Thanks! I think I stumbled upon your posts on reddit, too and I recognize the little guide! I have read it a bunch and bought all the materials and will dive into some etching soon!


----------



## twebb6778

Hexjibber said:


> I find with mine I have to basically have both gain pots set high-ish and volume set to max to get a decent level out of it, trimmers are fully wound also. I'm always wary of the success of a build when I have to do stuff like that, did you find the same?


I've tried mine through my Fender Hot Rod Deville 410, and it's VERY loud. It sounds great alone, but absolutely glorious with the boost.

Could just be variance in the J201. After all, that's what the trimmers are there for.


----------



## Kroars

Hexjibber said:


> I find with mine I have to basically have both gain pots set high-ish and volume set to max to get a decent level out of it, trimmers are fully wound also. I'm always wary of the success of a build when I have to do stuff like that, did you find the same? I've read other reports of this circuit being really loud. It sounds pretty good but just not what I was expecting I suppose, also read elsewhere that boosting it with an OD can really bring it to life.
> 
> I do have a slight caveat of only having tried mine through a load box DI into an interface with IRs and headphones, some other pedals that seemed low on output this way actually ended up being a lot louder when I had chance to use the amp normally at a practice. Using a Fender Twin Reverb.


I’m with you 100% that’s why I was curious


----------



## Kroars

Kroars said:


> I’m with you 100% that’s why I was curious


Thanks!!


Hexjibber said:


> I find with mine I have to basically have both gain pots set high-ish and volume set to max to get a decent level out of it, trimmers are fully wound also. I'm always wary of the success of a build when I have to do stuff like that, did you find the same? I've read other reports of this circuit being really loud. It sounds pretty good but just not what I was expecting I suppose, also read elsewhere that boosting it with an OD can really bring it to life.
> 
> I do have a slight caveat of only having tried mine through a load box DI into an interface with IRs and headphones, some other pedals that seemed low on output this way actually ended up being a lot louder when I had chance to use the amp normally at a practice. Using a Fender Twin Reverb.

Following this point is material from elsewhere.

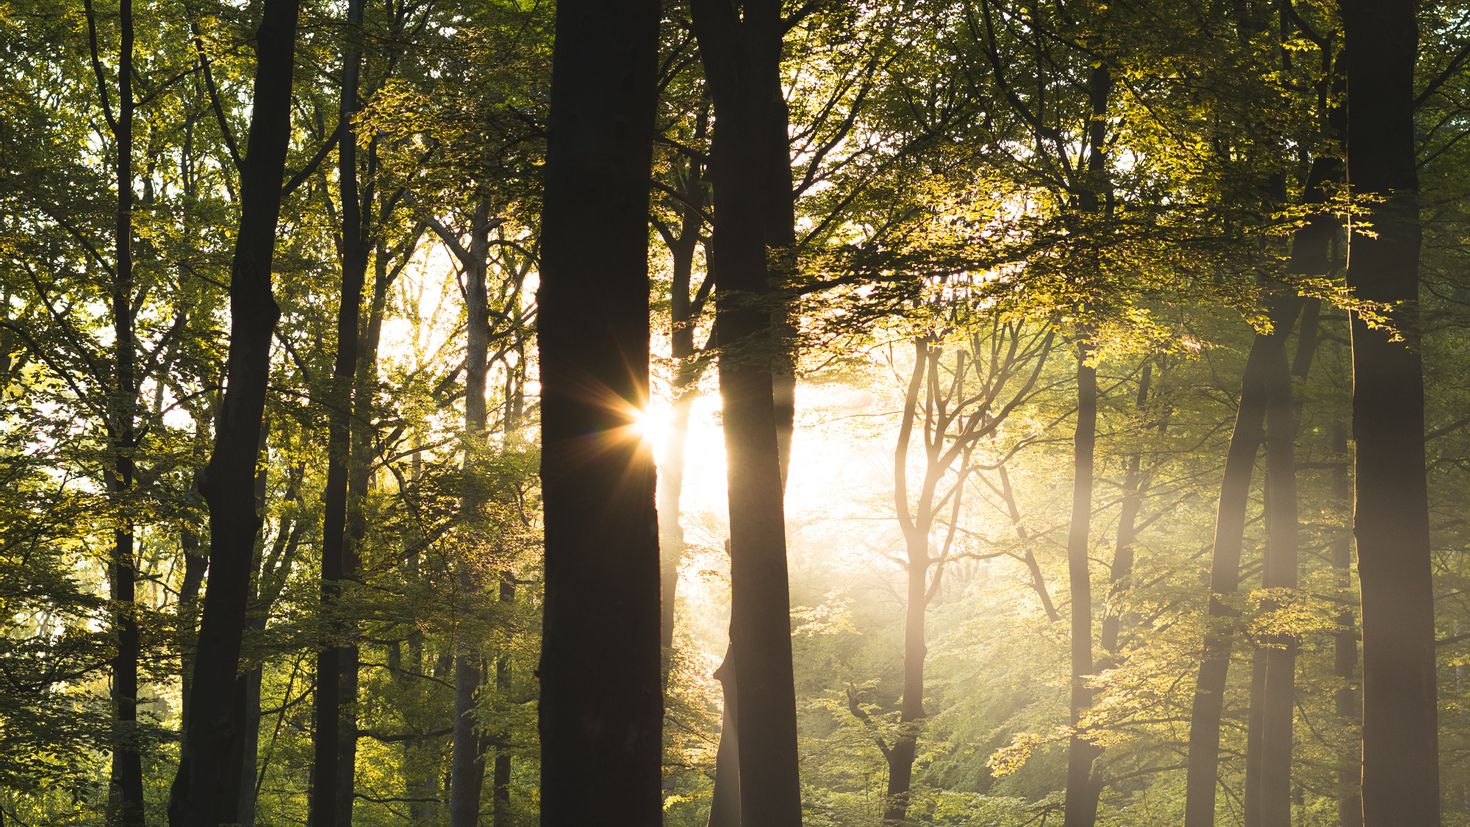 Проглядывают первые лучи солнца ярко. Дерево в лучах солнца. Солнечный лес. "Солнце в лесу". Утро в лесу.

I put my Black Hole in front of PedalPCB’s op amp fuzz (Dream Fuzz) and it sounds fucking amazing.  Super sludgy doom.  You’re right though, I’m not a fan of the pedal by itself.  I’m excited to pair it up with some others.


----------



## benny_profane

Hexjibber said:


> I find with mine I have to basically have both gain pots set high-ish and volume set to max to get a decent level out of it, trimmers are fully wound also. I'm always wary of the success of a build when I have to do stuff like that, did you find the same? I've read other reports of this circuit being really loud. It sounds pretty good but just not what I was expecting I suppose, also read elsewhere that boosting it with an OD can really bring it to life.
> 
> I do have a slight caveat of only having tried mine through a load box DI into an interface with IRs and headphones, some other pedals that seemed low on output this way actually ended up being a lot louder when I had chance to use the amp normally at a practice. Using a Fender Twin Reverb.



I'm not terribly familiar with the load box setup, but you shouldn't have to max everything out to get a decent output. Note that JFETs don't necessarily bias the same way as an op amp (i.e., Vref=(1/2)Vc). Did you follow the biasing procedure in the build doc? Depending on device type, a JFET can sometimes bias a little low. Check out the ROG article I linked above for a really in-depth discussion about JFETs in amp topologies.

EDIT: My understanding is that this circuit is  meant to either go in an effects loop or near the end of chain (i.e., where an amp preamp would be). So, before modulation/time effects but after gain stages.


----------



## Dan0h

twebb6778 said:


> I've tried mine through my Fender Hot Rod Deville 410, and it's VERY loud. It sounds great alone, but absolutely glorious with the boost.
> 
> Could just be variance in the J201. After all, that's what the trimmers are there for.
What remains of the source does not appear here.